* **PROVIDED DATA**
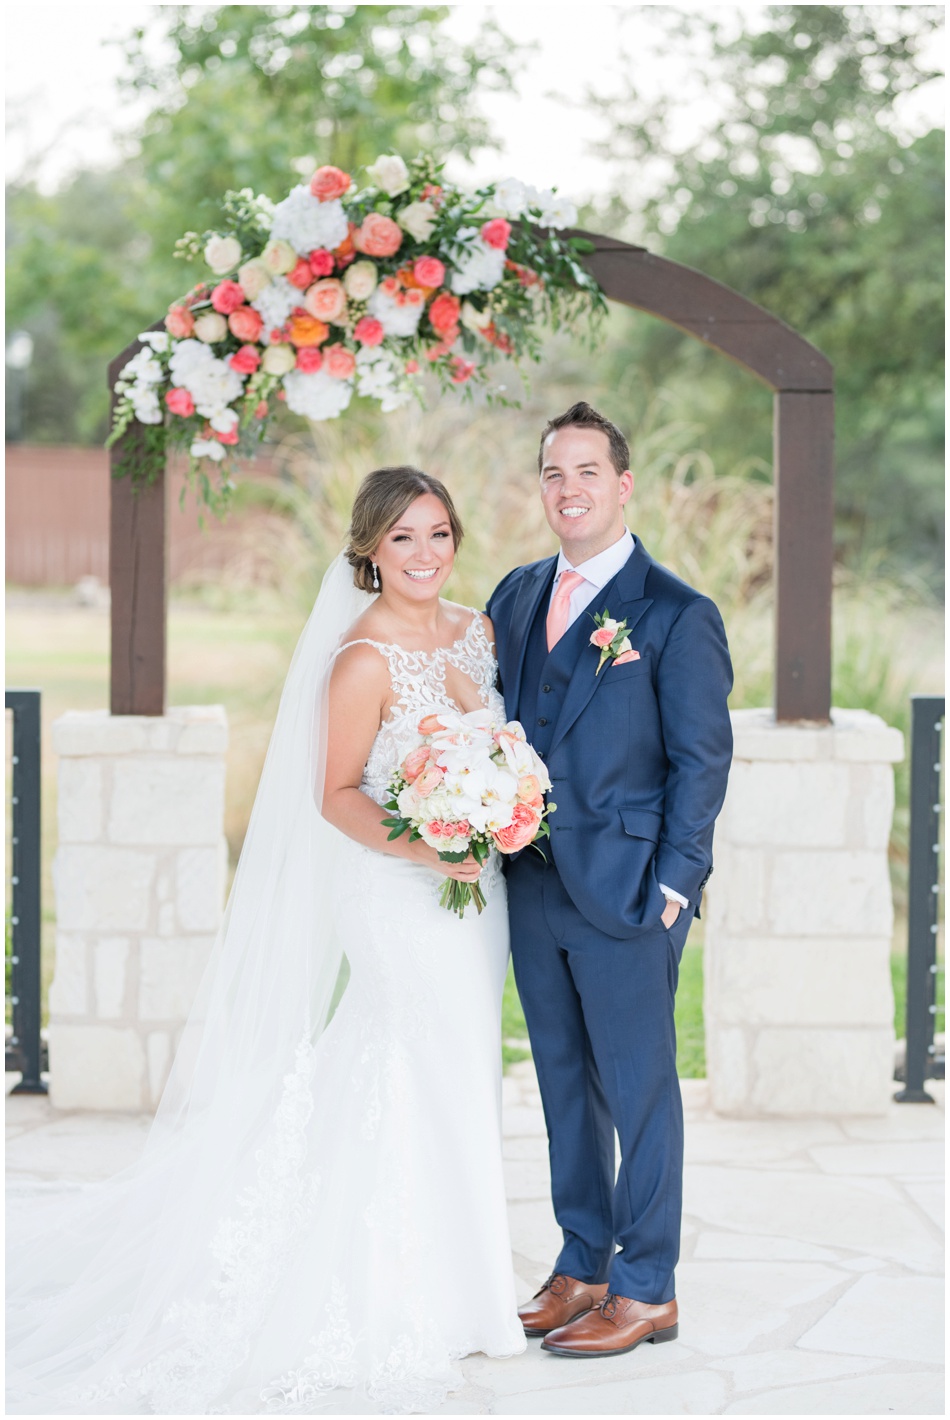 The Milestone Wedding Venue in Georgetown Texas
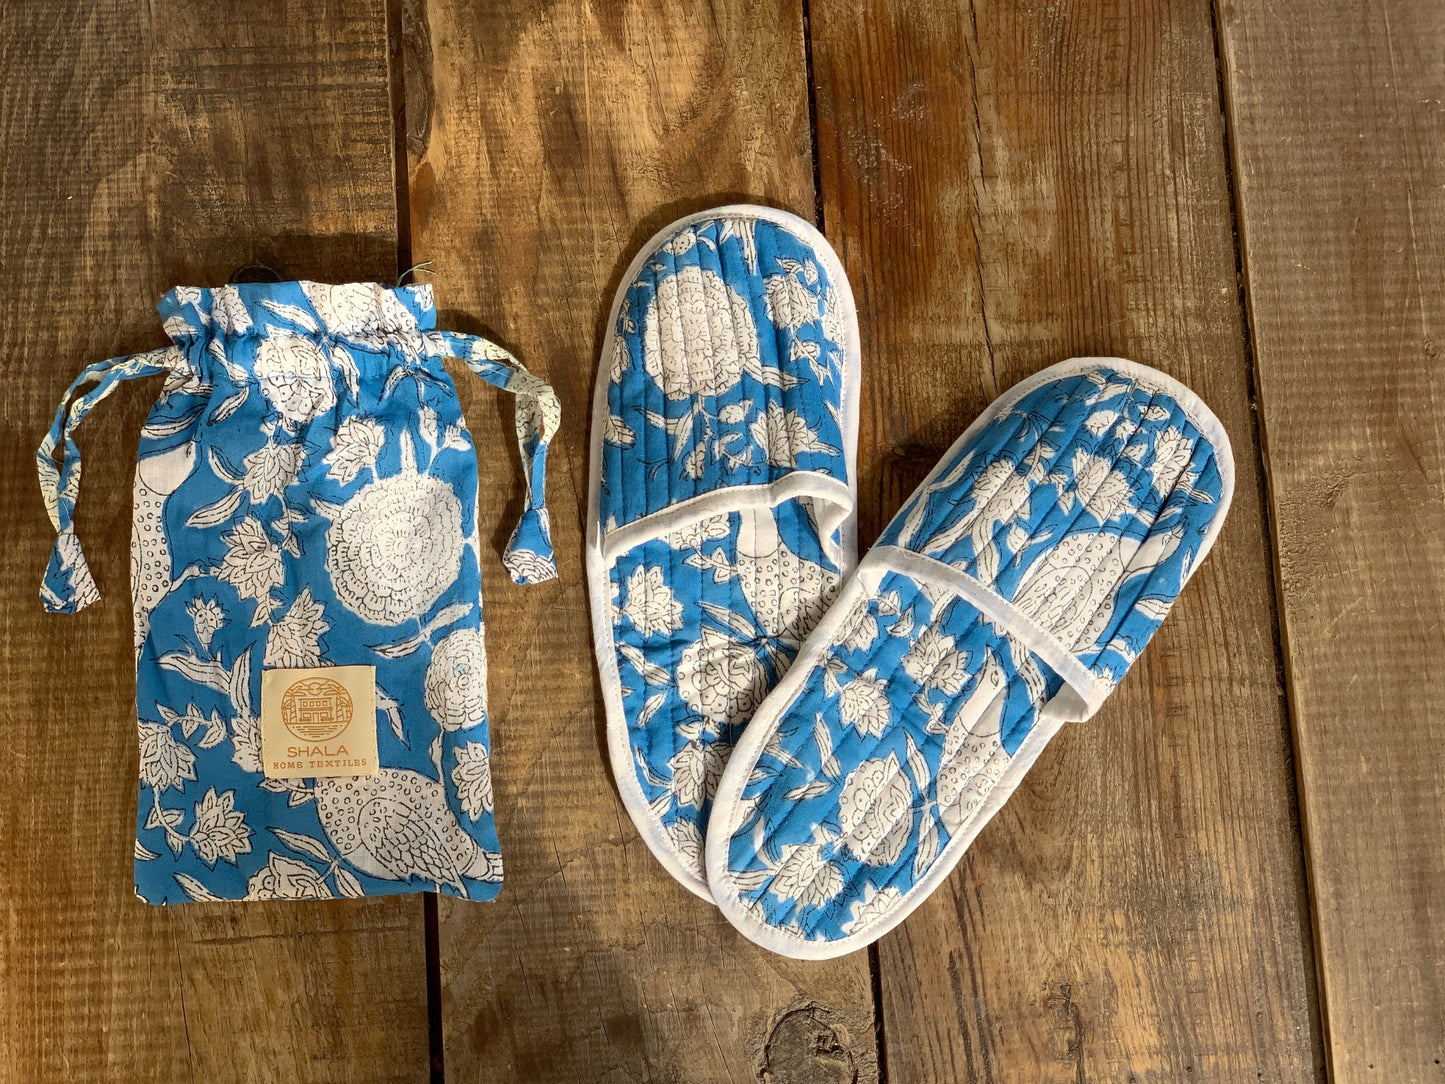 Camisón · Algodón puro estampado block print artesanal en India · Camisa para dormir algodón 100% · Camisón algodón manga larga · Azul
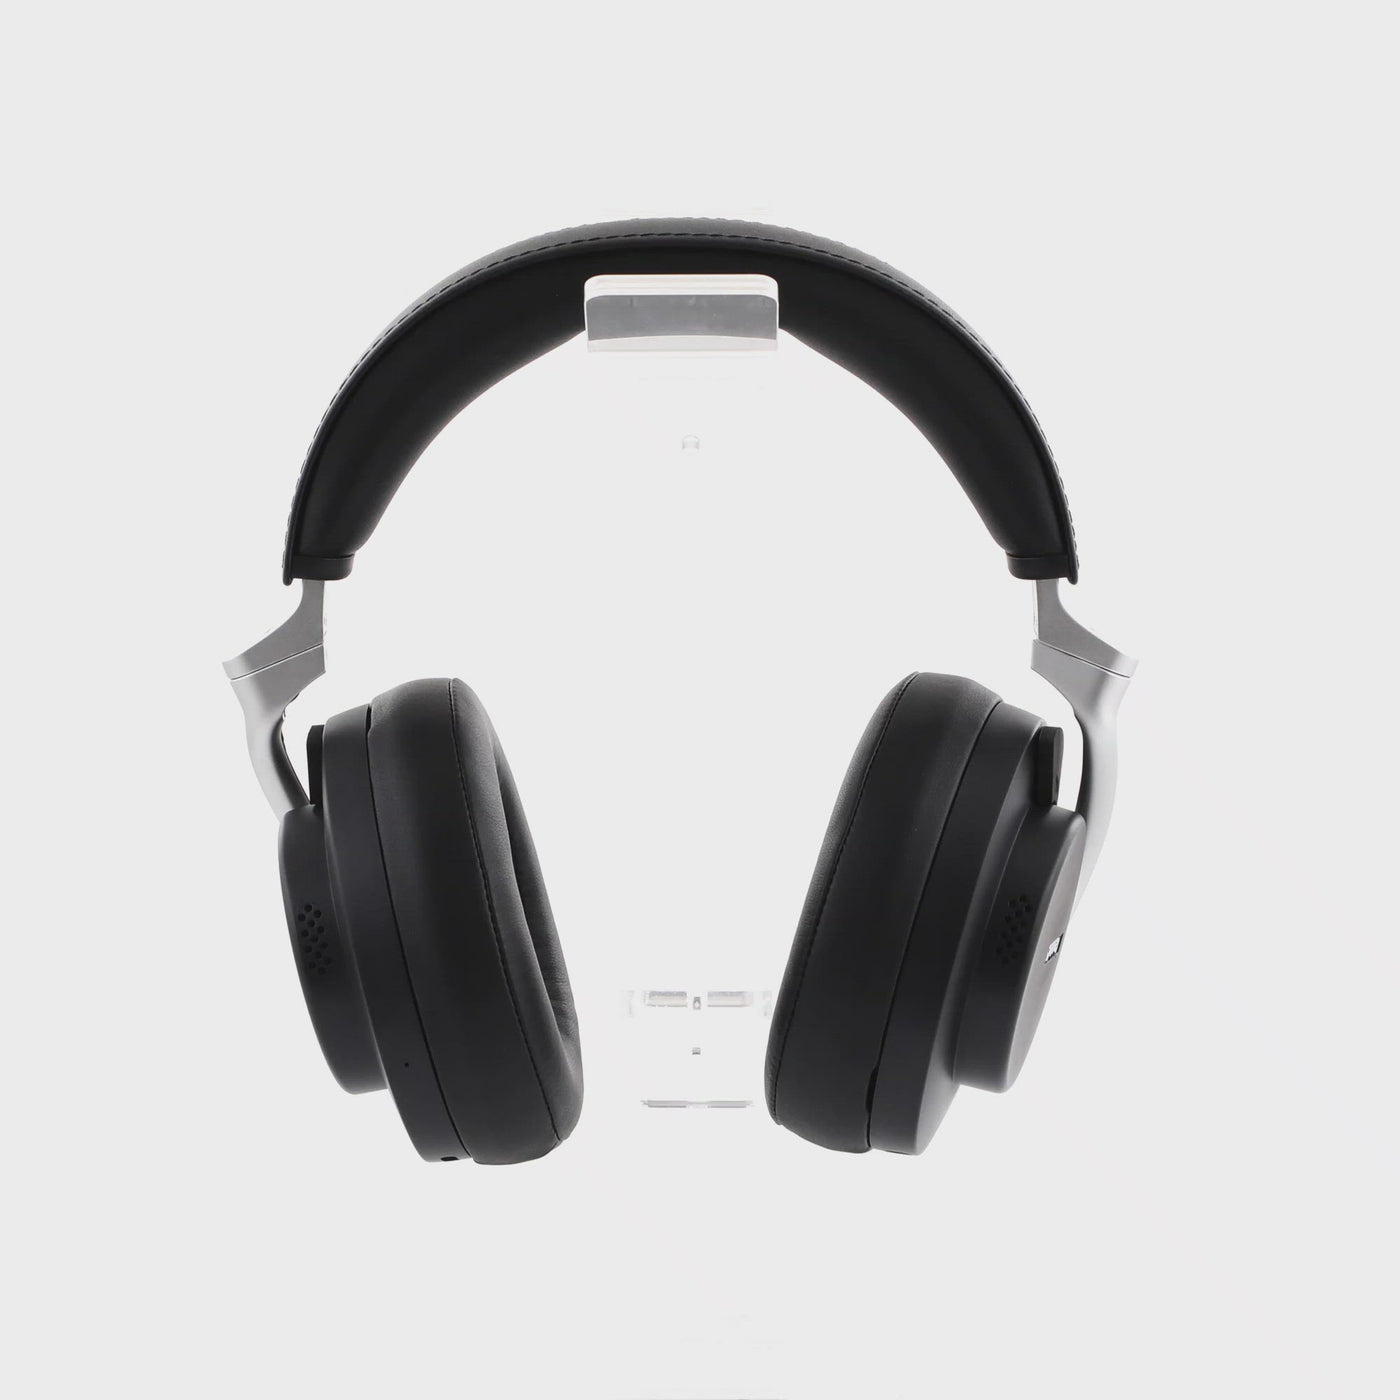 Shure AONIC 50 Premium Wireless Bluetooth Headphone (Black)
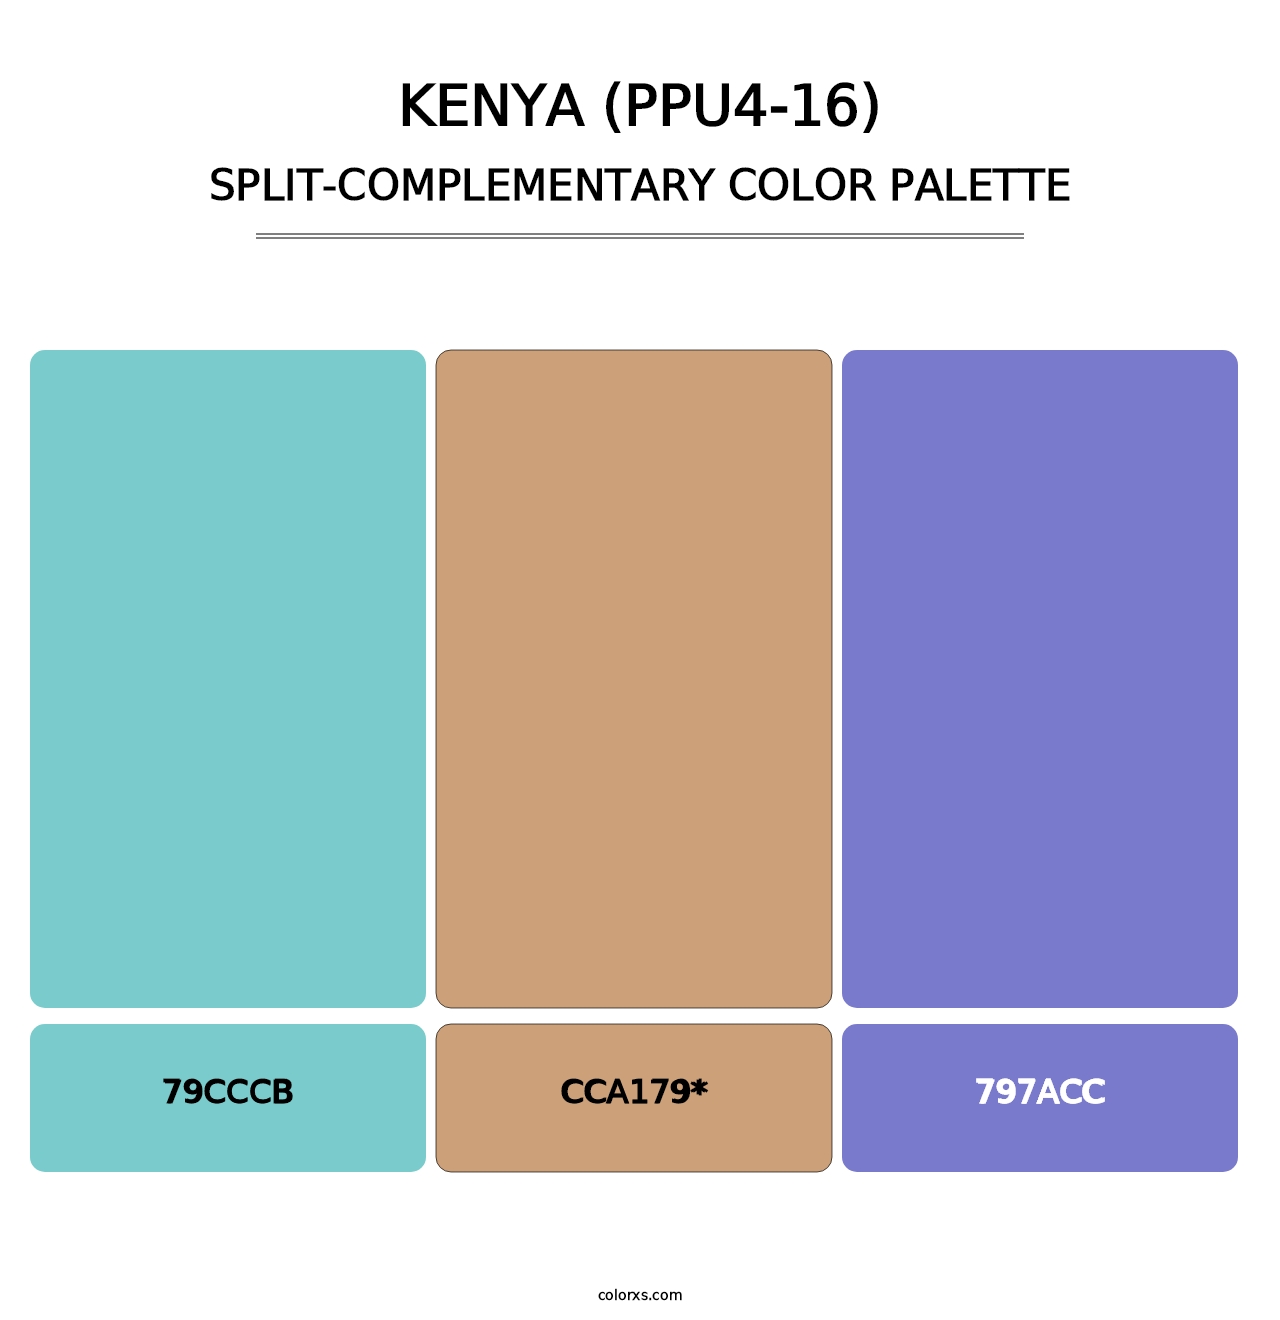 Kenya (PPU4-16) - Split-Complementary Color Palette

* **THE TASK**
When you retype the material above, keep every word exact and drop the images.

* **ANSWER TO THIS TASK**
 The Milestone Wedding Venue in Georgetown Texas
 Camisón · Algodón puro estampado block print artesanal en India · Camisa para dormir algodón 100% · Camisón algodón manga larga · Azul
 Shure AONIC 50 Premium Wireless Bluetooth Headphone (Black)
 Kenya (PPU4-16) - Split-Complementary Color Palette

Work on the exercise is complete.